There's only so much toxicity, anger, and falseness that David's (Beloved Spear) soul can manage before it messes with him.

Micah Bales on perfect love and boldness.

Eden Grace on Kaimosi, Kenya, the place of God's own choosing.

Rajan Menon explains why arms races never end.

Big Walter Horton played the blues harp with amazing control and tenderness.


kfsaylor said...


Just to be clear. Are you suggesting your tone in this article is prayerful, respectful, solemn, worthy of the Constitution?

Keith F. Saylor

Johan Maurer said...

Yes, I am.

Listing someone's actual crimes and misdeeds is not inconsistent with those values. Nor is asserting urgently that he should be removed from a position of trust.

Bill Samuel said...

Yes, I think we need to be better and not ape the style of President Trump. So I'm sorry Pelosi put someone in charge of the investigation who did an unacceptable stunt on the House floor, and yet was not removed from the investigation. He has not even apologized. Speaking as Trump's words things that he knew Trump did not say may be OK on SNL, but not in the House of Representatives. I'm critical of the President's actions (while seeking a balance which recognizes that some of them are done more blatantly than other Administrations, but are not different in type), but I don't think the impeachment investigation is credible.

Both sides are part of creating a very harmful atmosphere in our country. Of course, I've never thought either corporate party was acceptable.

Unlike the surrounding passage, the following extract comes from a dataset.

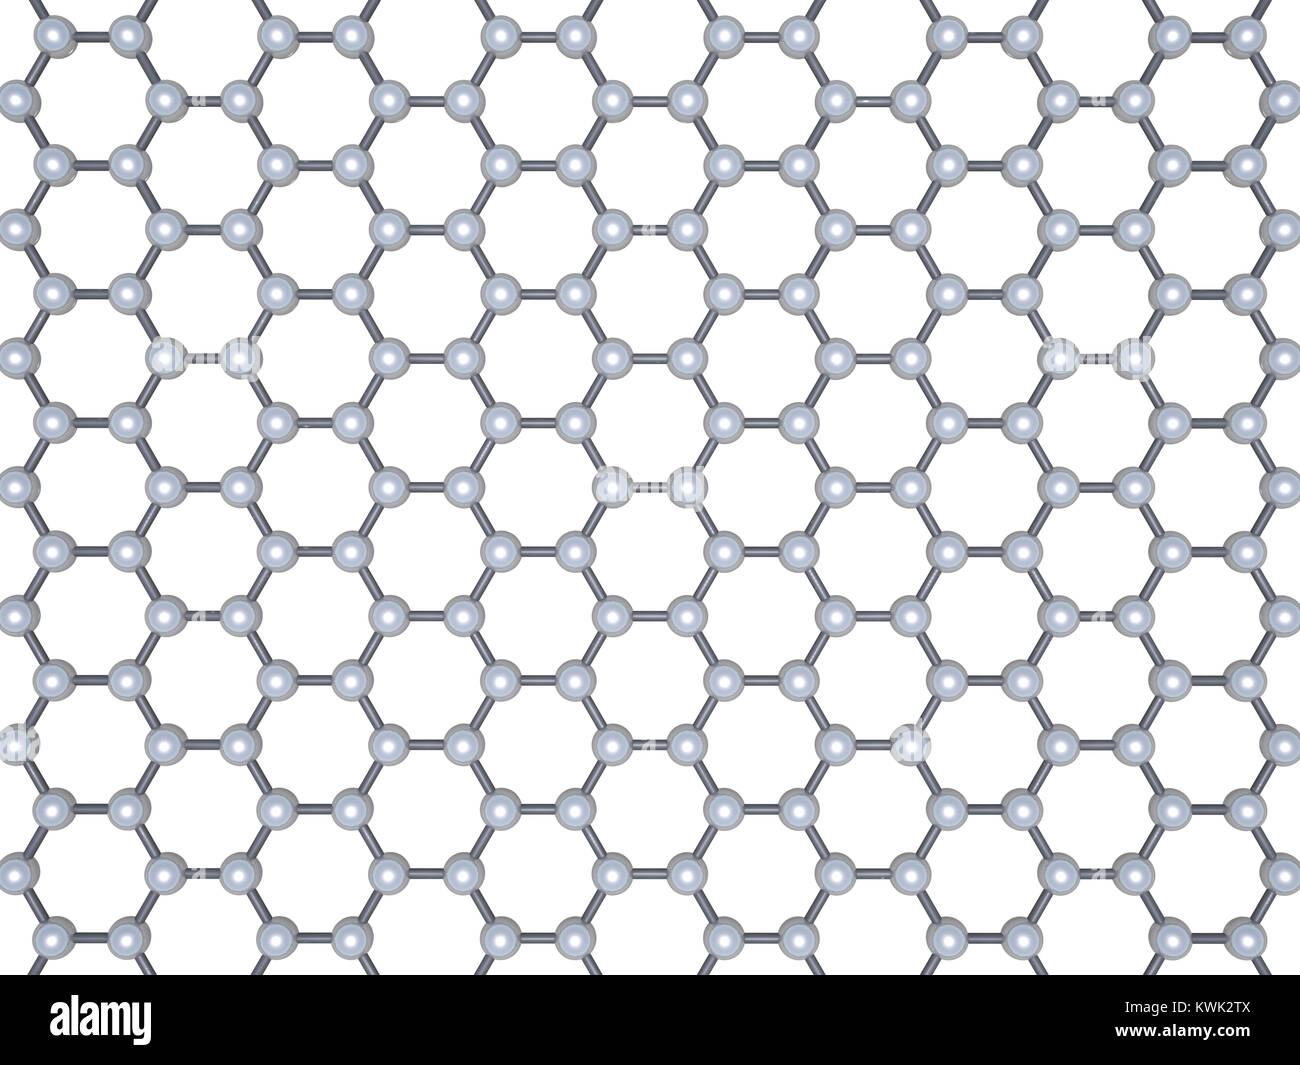 Graphene layer, top view. Hexagonal lattice of carbon atoms isolated on white background, 3d illustration Stock Photo
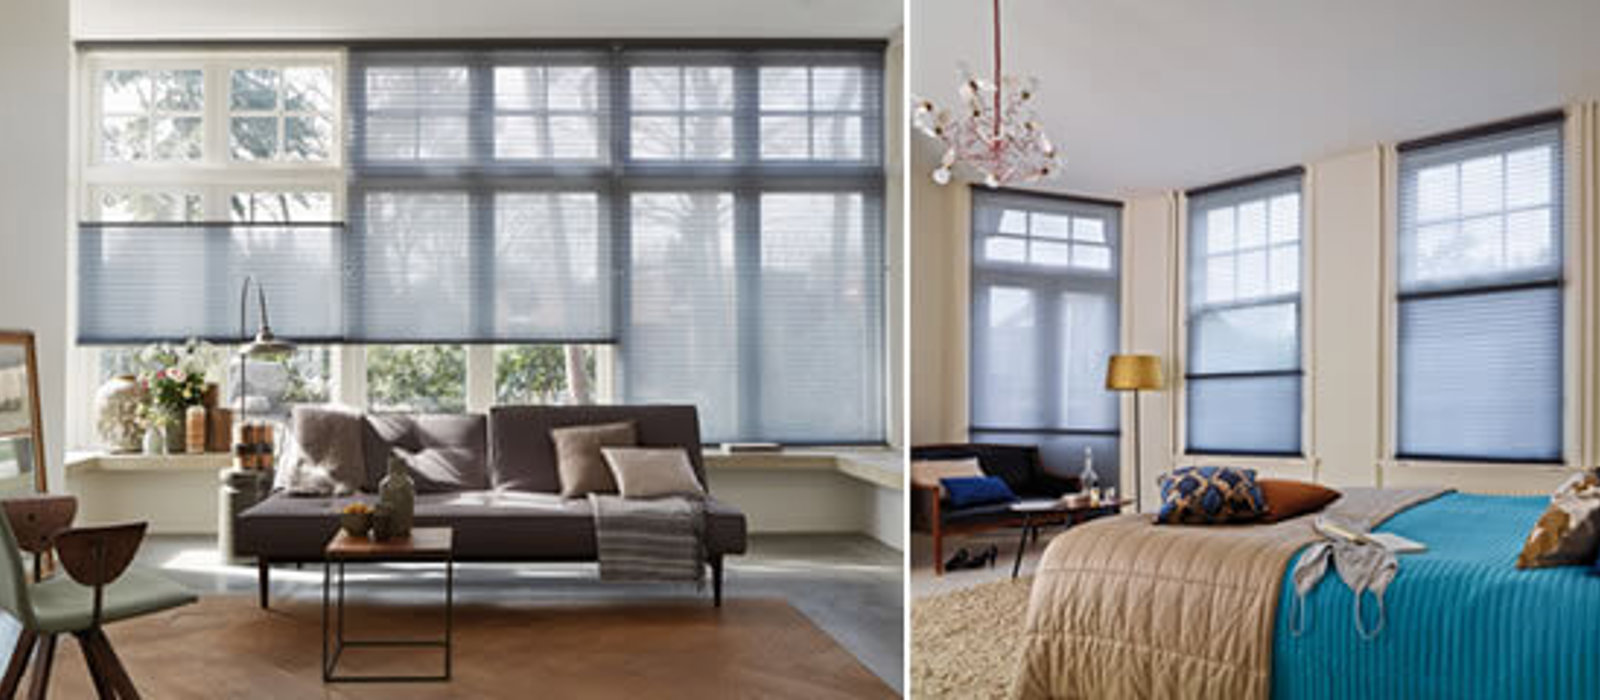 Duette energy saving blinds for heat reduction in the home

And I don't see the country as learning anything positive. Some of what has enraged others about what Trump has said has been when he has spoken unpleasant truths about this country, puncturing the false myth of American purity and exceptionalism. The country must repent and change its ways to have a healthy future. It is not OK to go back to the pre-Trump era. Most politicians continue to promulgate a false history which just results in the USA continuing to do unhealthy things.

kfsaylor said...

Hello Johan,

I appreciate your response to my question. It further demonstrates you and I do not relate to people in the same way. Through the appearance of the Spirit of Jesus indwelling in my consciousness and conscience it is discovered to me a different way of human relationship and interaction. The Spirit of Jesus has drawn me out of the process of reflective thought or reflecting on others. Outward political, religious, and social, ideological and institutional forms and formalities (and the leaders who promote them) do not guide and inform how I relate to people. In my experience, engagement and participation in the process of reflective thought to guide and inform my relationships and interactions with other people overshadows and dethrones participation in and identification with the indwelling motion of the spirit of Jesus in my conscience.

RantWoman said...

Thank you for these meditations.

I find I can barely maintain my own standards of decency long enough to avoid may very ableist terms to describe this president's mental capacity, mental capacity, etc.

It does not help that I also wrestle with the value of strong language weighed against a regularly malfunctioning mental filter to turn excessively plain English into prayerful gentle Quakerese.